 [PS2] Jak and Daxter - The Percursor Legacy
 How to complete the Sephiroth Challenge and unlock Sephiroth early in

...

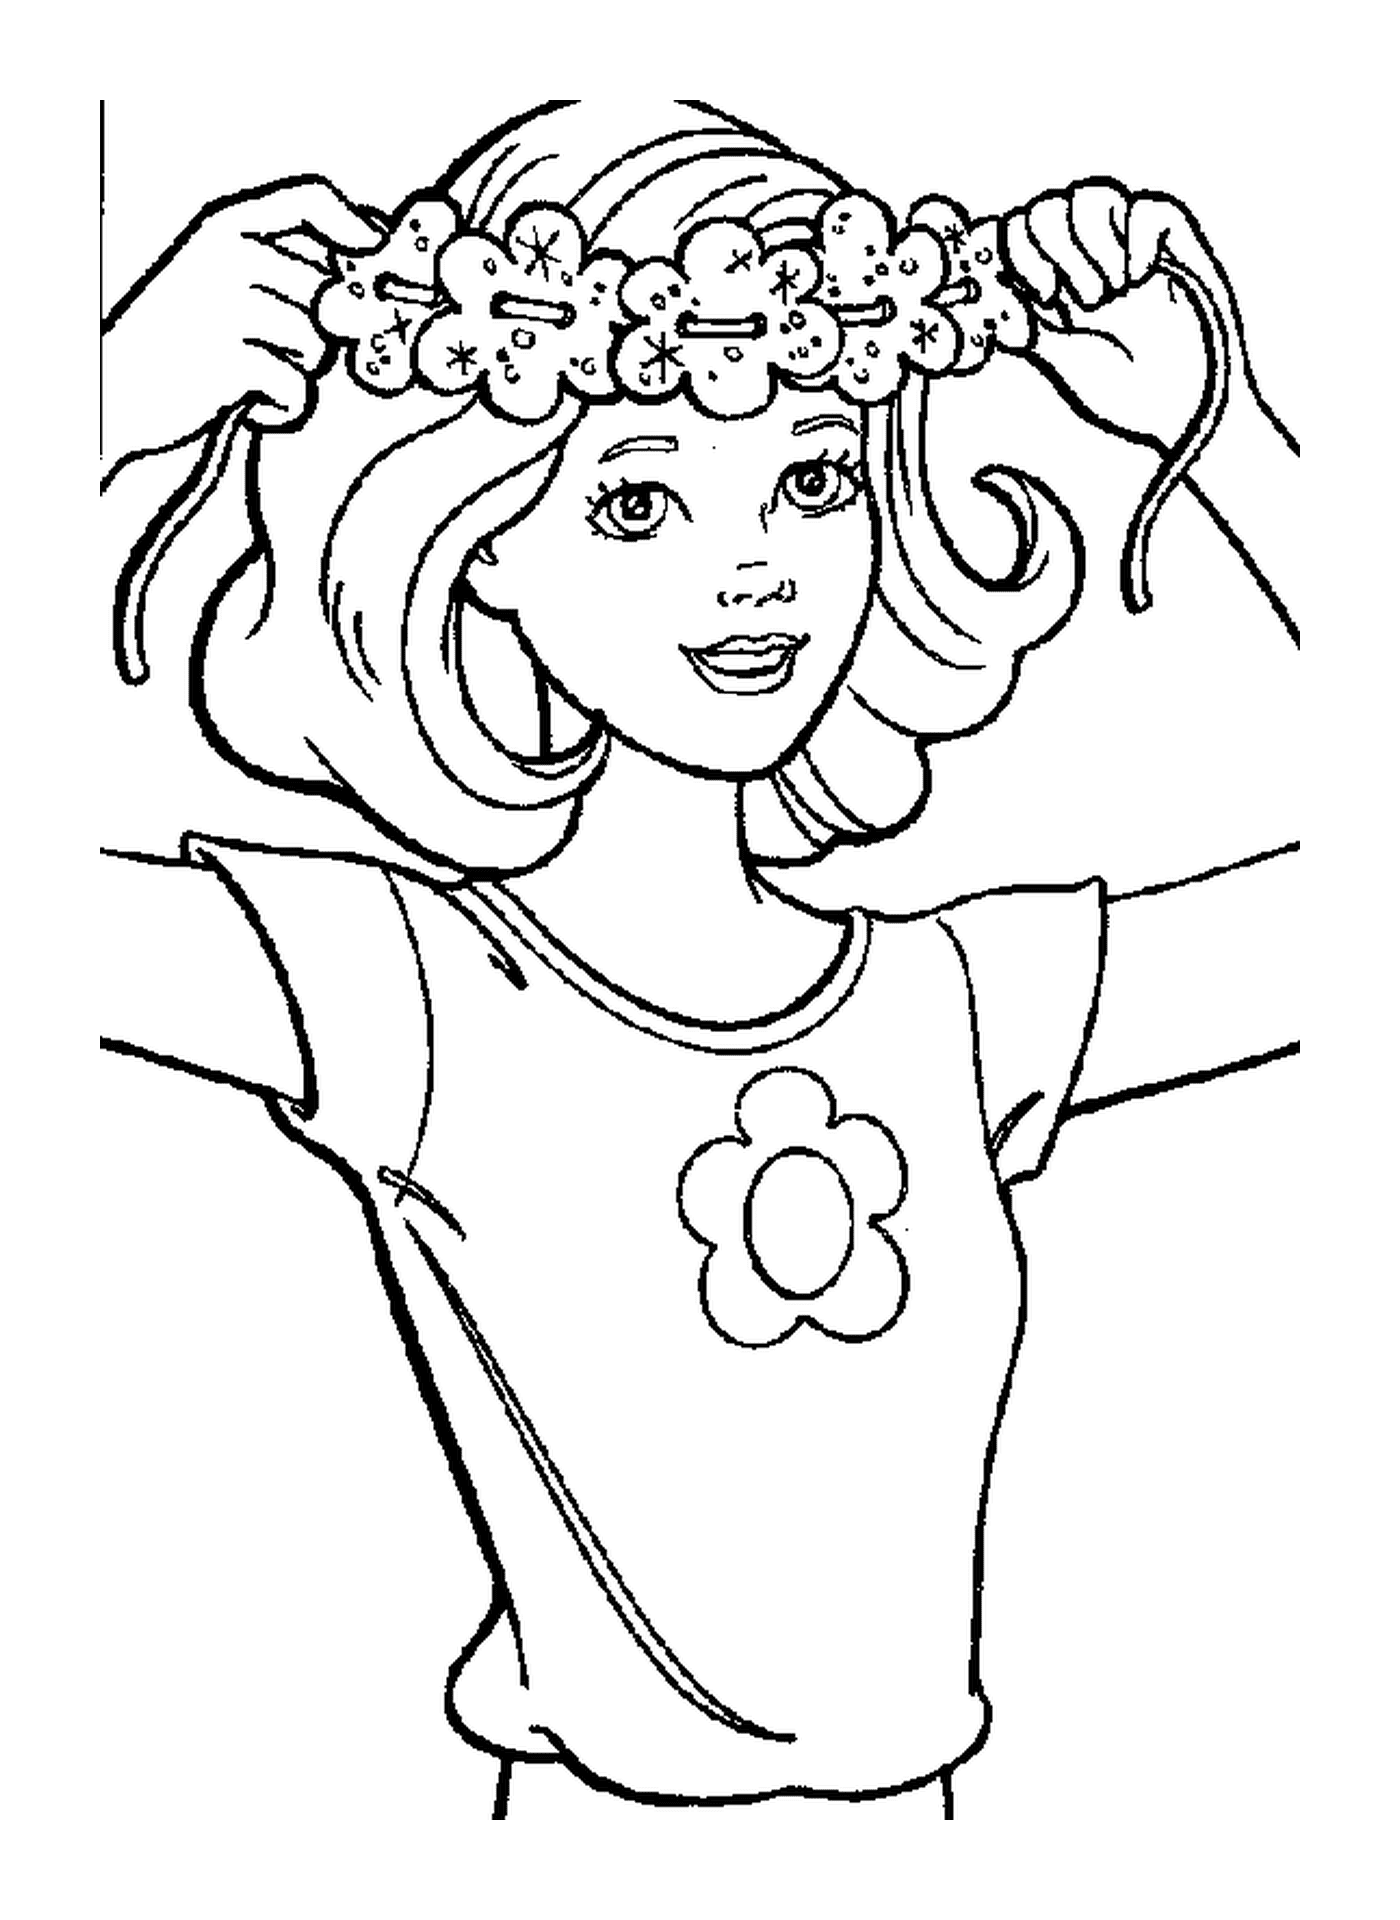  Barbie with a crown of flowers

PROBLEM:
Take the line above containing "[PS2] Jak and Daxter - The Percursor Legacy", the line containing "How to complete", and all lines in between, and copy them exactly without anything else.

SOLUTION TO THIS TASK:
 [PS2] Jak and Daxter - The Percursor Legacy
 How to complete the Sephiroth Challenge and unlock Sephiroth early in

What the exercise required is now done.